**EXERCISE**:
None of the pictures should be copied, though every line of the listing must be printed exactly.

**INFORMATION SUPPLIED**:
#####
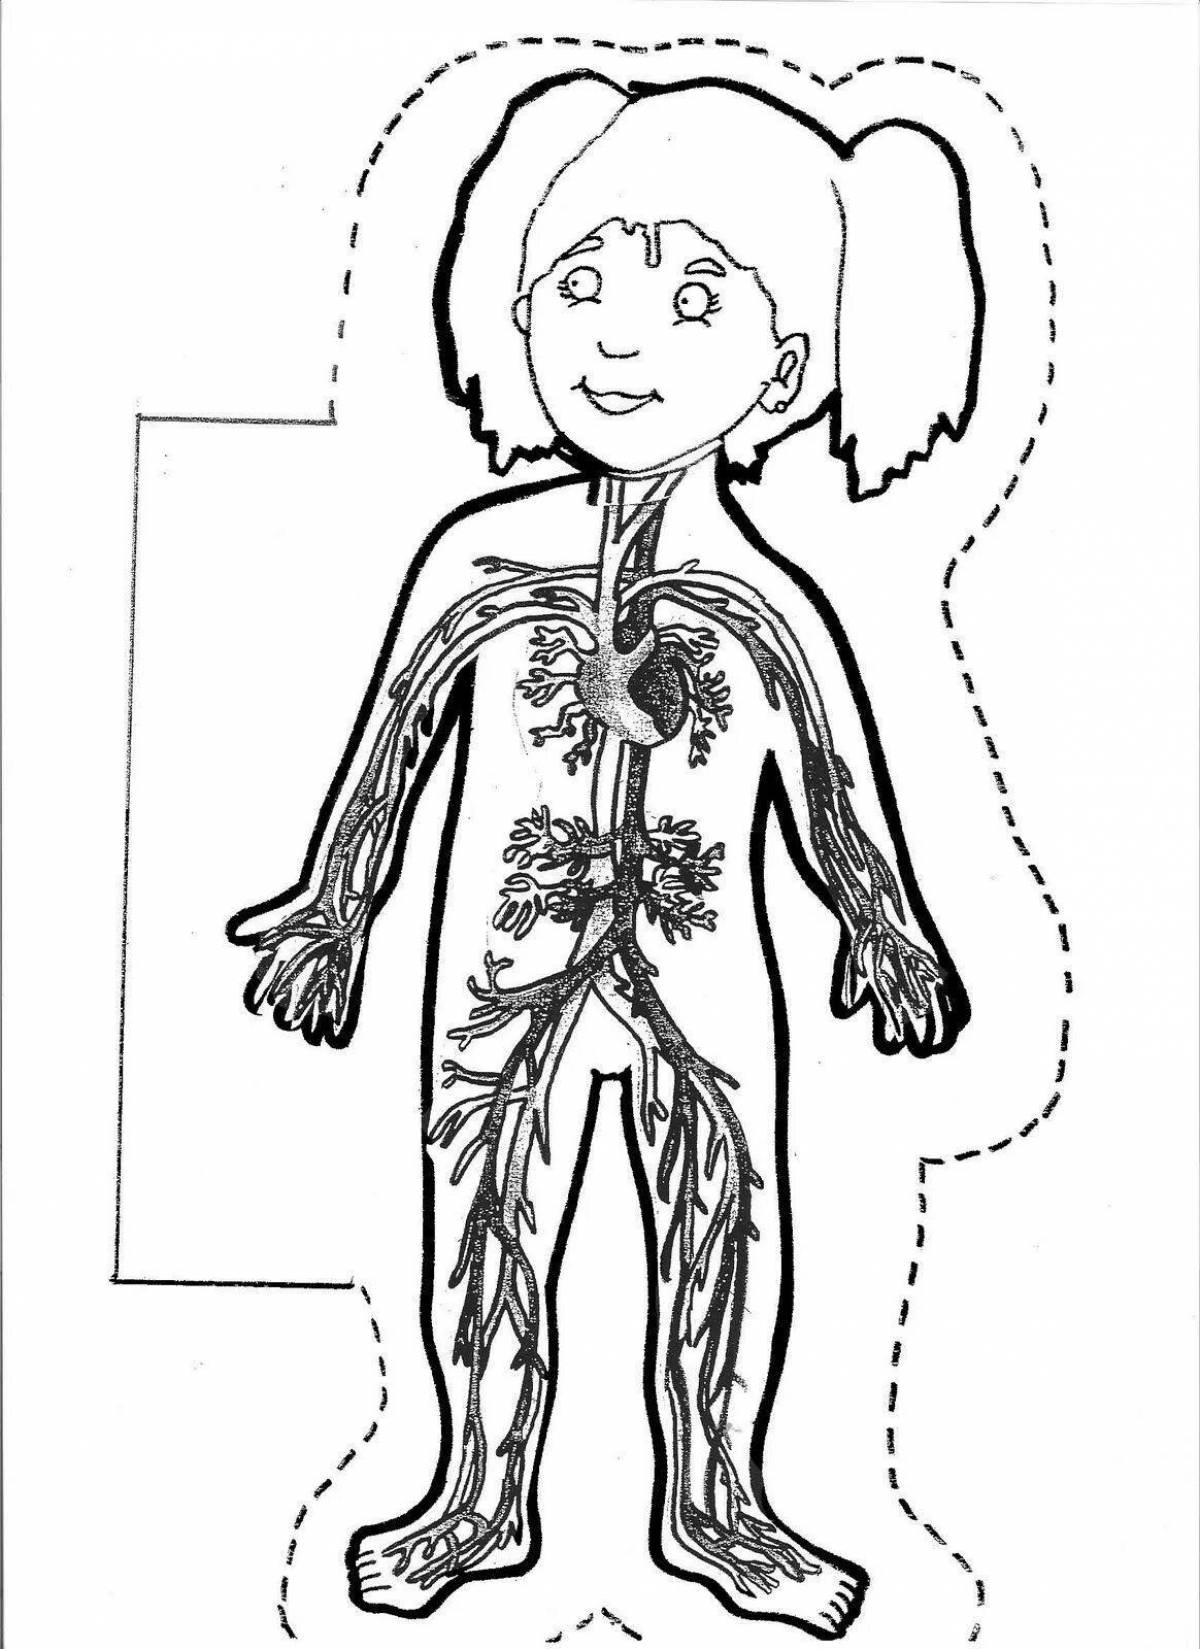 Colorful coloring of the structure of the human body for children
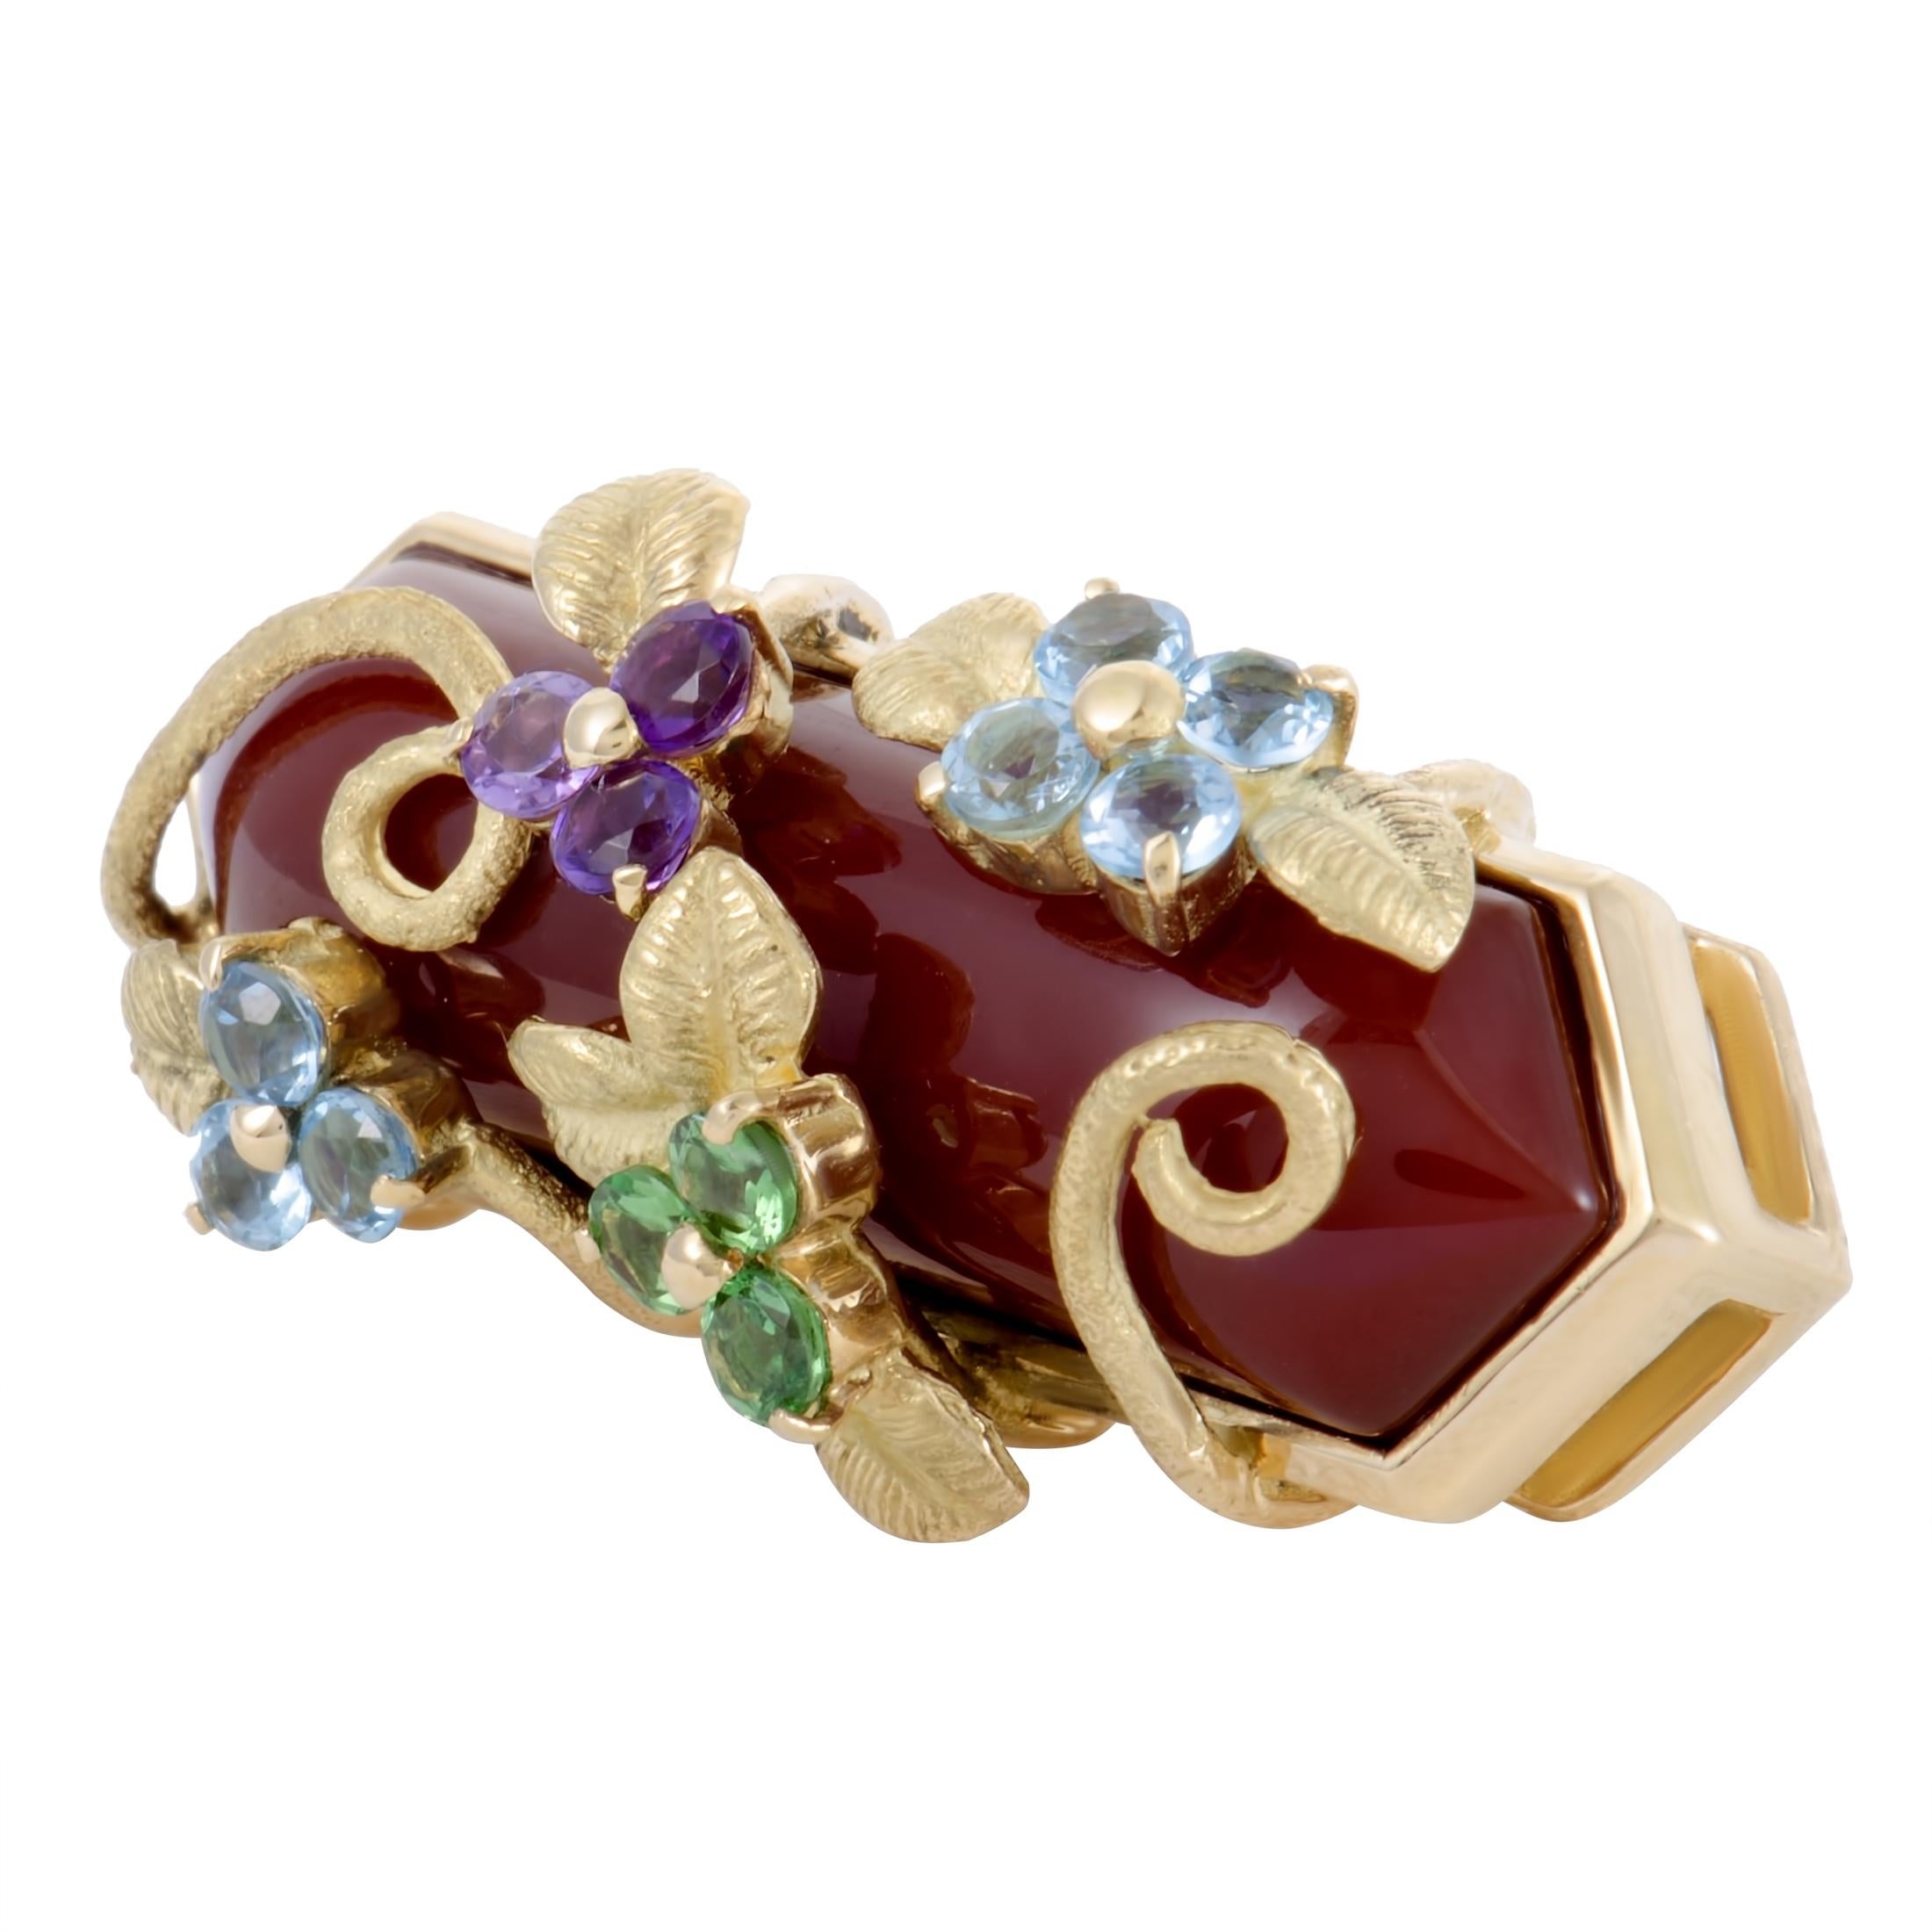 Alluringly graceful design is marvelously presented in enchanting 18K yellow gold in this sublime brooch that boasts vibrant décor, comprised of jasper, topaz, tsavorite and amethyst stones.
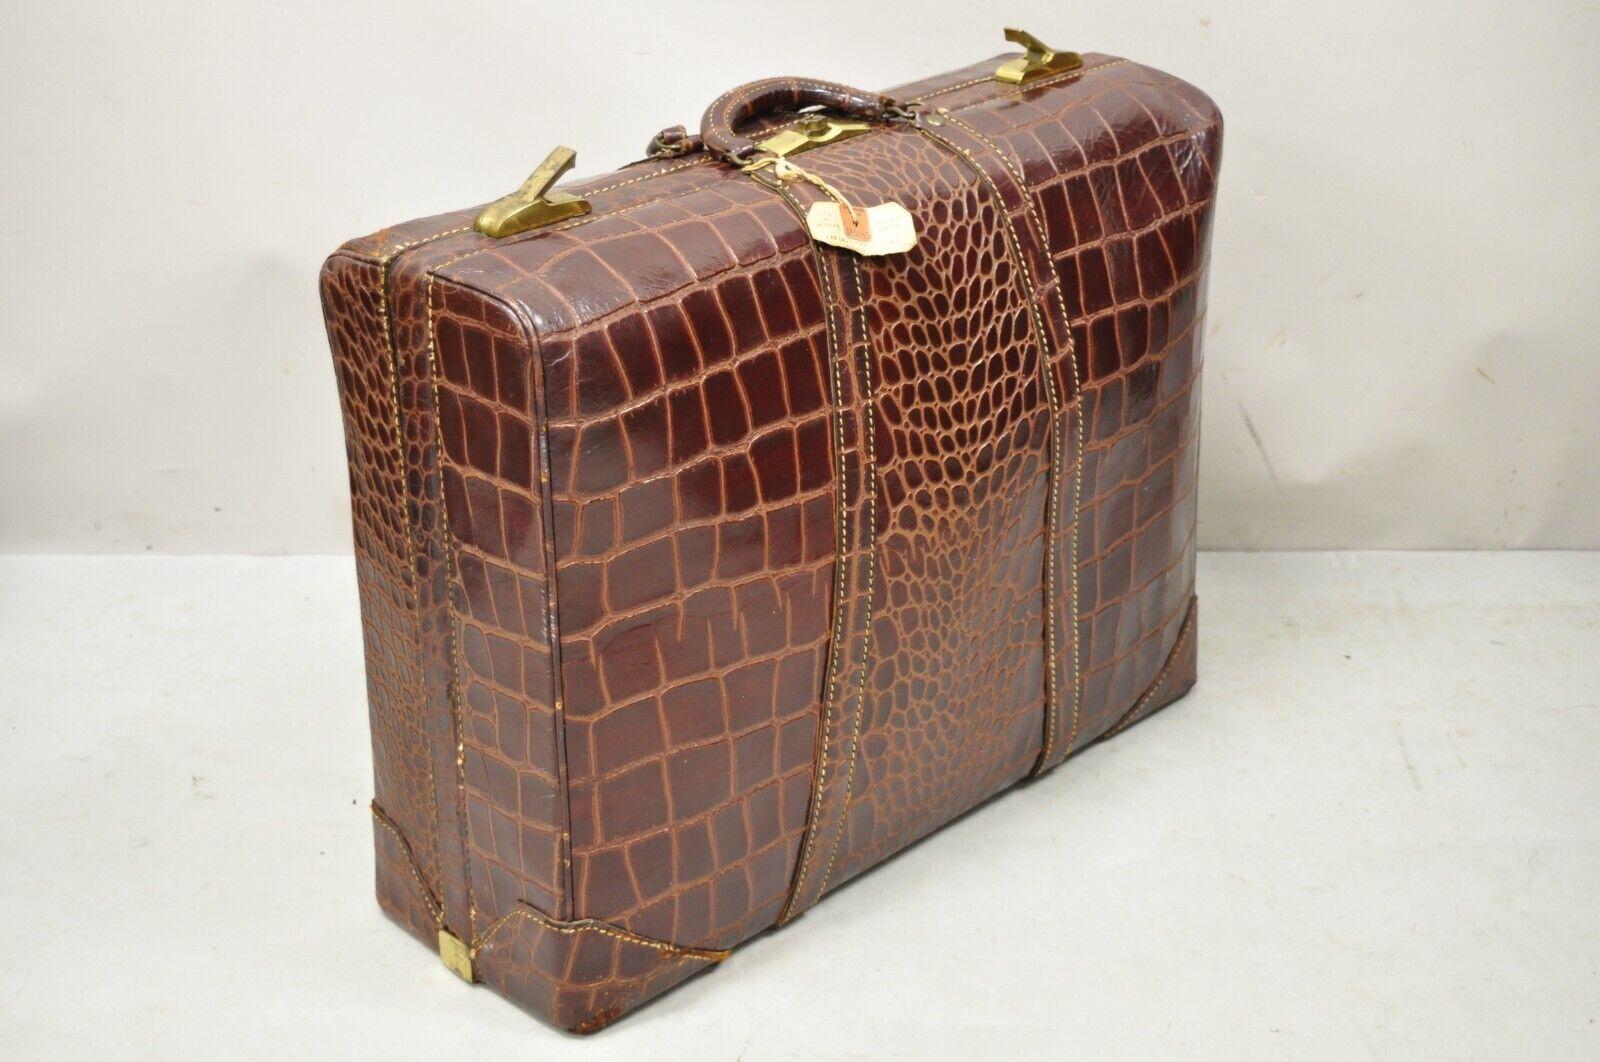 Vintage Burgundy leather Alligator Embossed large Suitcase Luggage bag. Item features multiple interior compartments, alligator embossed burgundy leather, no key, but unlocked. Circa Early 1900s. Measurements: 9
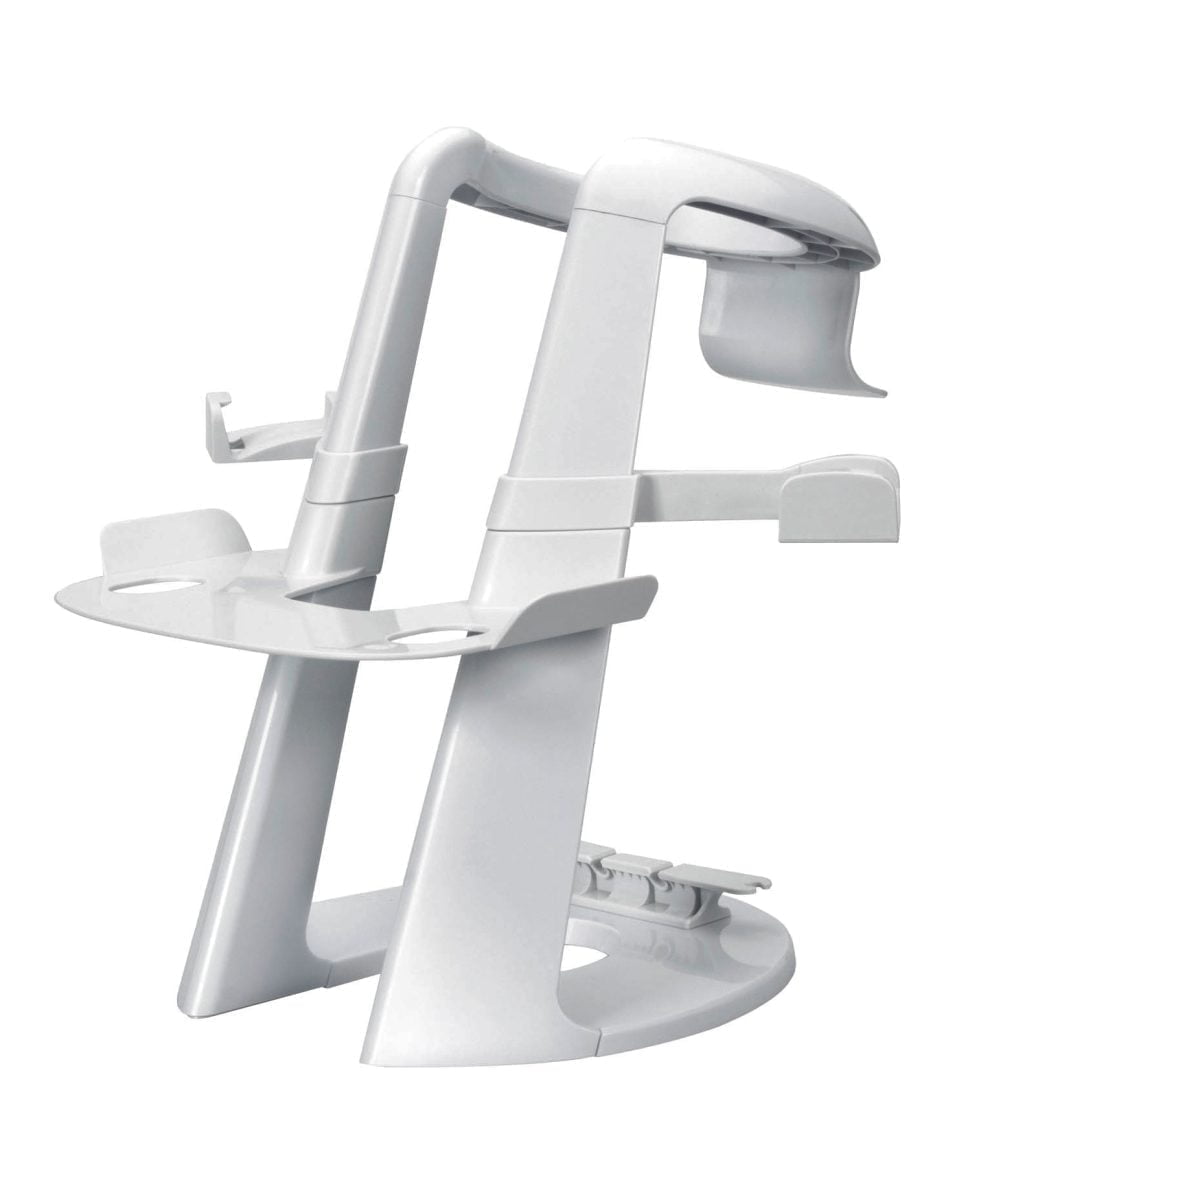 6473847Cv12D &Lt;H1&Gt;Stand For Oculus - White&Lt;/H1&Gt; The Insignia Oculus Stand Is Specially Designed For Displaying And Storing Your Oculus Vr Headset And Touch Controllers. Built With A No-Slip Base, This Stand Is A Safe And Stable To Place To Store And Organize Your Vr Headset, Controllers And Cables. Compatible With Most Vr Systems Including The Oculus Series (Oculus Rift/Rift S/Quest/Quest 2) Vr Headset And Controllers Oculus Stand Insignia Stand For Oculus - White
#####
**OUTPUT FOR THIS TASK**:
 Colorful coloring of the structure of the human body for children
 Alluringly graceful design is marvelously presented in enchanting 18K yellow gold in this sublime brooch that boasts vibrant décor, comprised of jasper, topaz, tsavorite and amethyst stones.
 Vintage Burgundy leather Alligator Embossed large Suitcase Luggage bag. Item features multiple interior compartments, alligator embossed burgundy leather, no key, but unlocked. Circa Early 1900s. Measurements: 9
 6473847Cv12D &Lt;H1&Gt;Stand For Oculus - White&Lt;/H1&Gt; The Insignia Oculus Stand Is Specially Designed For Displaying And Storing Your Oculus Vr Headset And Touch Controllers. Built With A No-Slip Base, This Stand Is A Safe And Stable To Place To Store And Organize Your Vr Headset, Controllers And Cables. Compatible With Most Vr Systems Including The Oculus Series (Oculus Rift/Rift S/Quest/Quest 2) Vr Headset And Controllers Oculus Stand Insignia Stand For Oculus - White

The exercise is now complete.